Betreiber von Ladesäulen, wie etwa die finnische Fortum Aurinkolataus, ermöglichen es Eigentümern von PV-Anlagen, ihren Überschussstrom dezentral für die E-Mobility zu nutzen. Dafür erfassen sie mit Hilfe des Wechselrichters und eines Net-Meters, wieviel Solarstrom erzeugt und wieviel nach Abzug des Eigenverbrauchs eingespeist wird. Dieses Energie-Guthaben kann dann flexibel an den öffentlichen Ladesäulen des Unternehmens abgerufen werden. Steca-Wechselrichter werden aufgrund ihrer Kompatibilität zur Energiecloud häufig für derartige Modelle eingesetzt.

„Durch die Anbindung unserer Steca-Wechselrichter an die Energiecloud werden PV-Anlagenbetreiber auch ohne eigenen Speicher zu flexiblen Prosumern. Deswegen gehören leistungsfähige Schnittstellen zur Basisausstattung unserer Geräte“, sagt Daniel Dengler, Sales Manager Solar & Energy bei KATEK. „Statt den überschüssigen grünen Strom einzuspeisen, können sie ihn selbst für ihre Elektrofahrzeuge nutzen. So sparen sie nicht nur Geld, sondern fahren auch mit selbst erzeugter Energie.“

Kühlkonzept und Netzkompatibilität vergrößern Einsatzbereiche

Wenn Wechselrichter – wie etwa in Nordischen Ländern – in unmittelbarer Nähe zum Wohnbereich eingebaut werden, ist ein möglichst leiser Betrieb unerlässlich.

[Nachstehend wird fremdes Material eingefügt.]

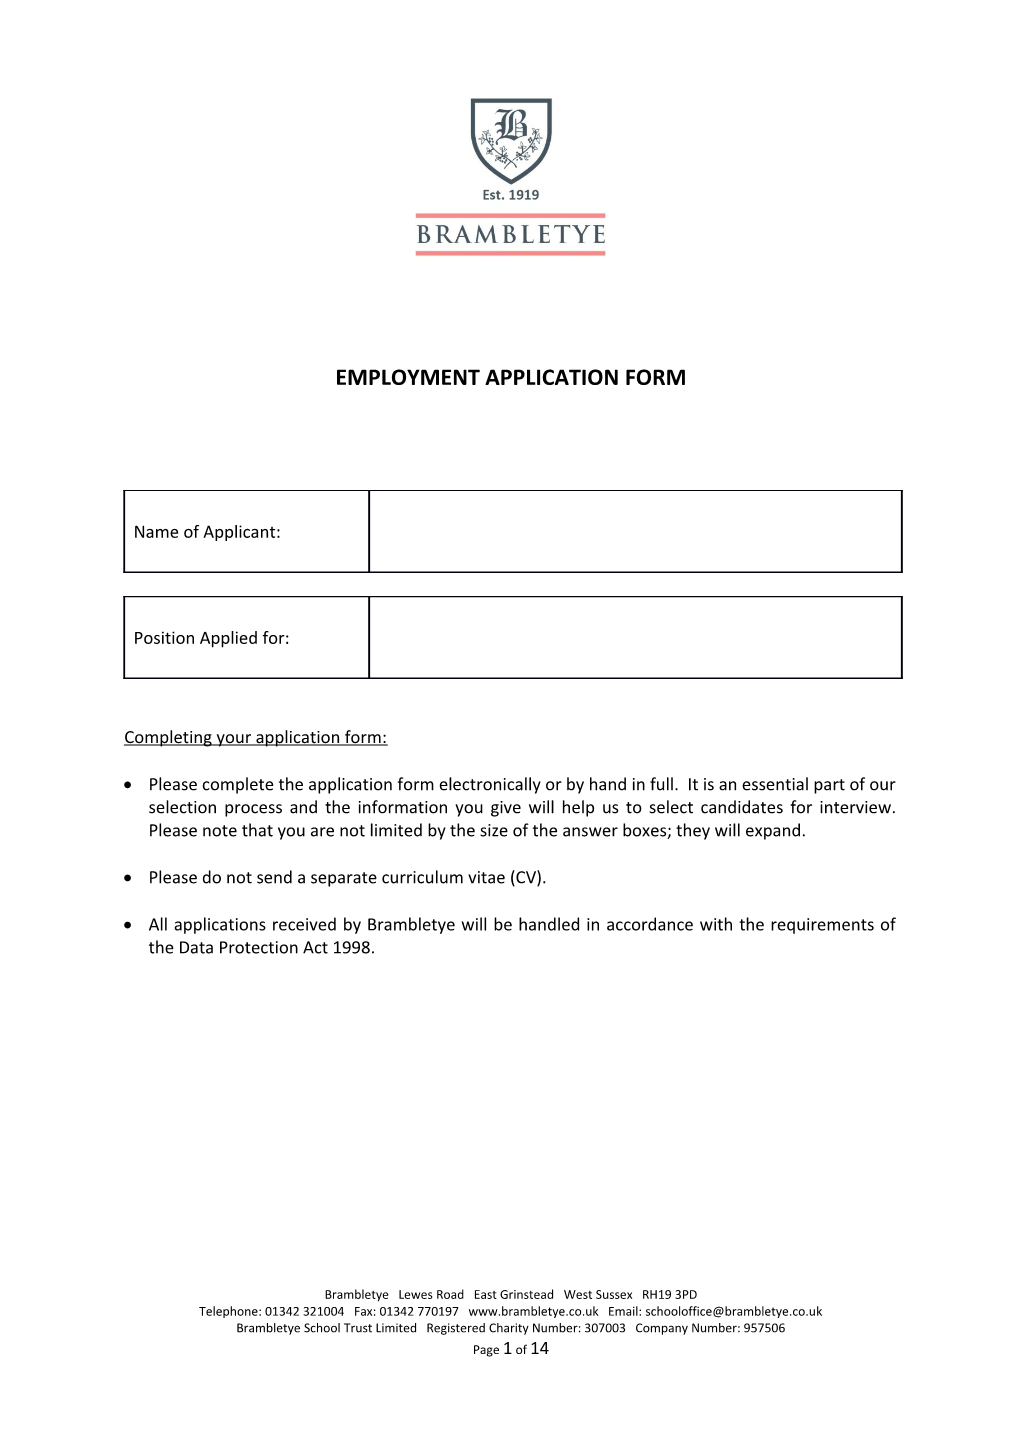 Employment Application Form s16

Hier erreichen Steca-Wechselrichter im Regelbetrieb besonders niedrige Werte von rund 30 DB. Das entspricht in etwa dem Ticken einer Armbanduhr. Erreicht wird dieser Wert durch die coolcept-Topologie von KATEK, die die Wärmeableitung aller Bauteile über eine einzige Platine ermöglicht und mit einem gekapselten sowie staubgeschützten Lüfter arbeitet.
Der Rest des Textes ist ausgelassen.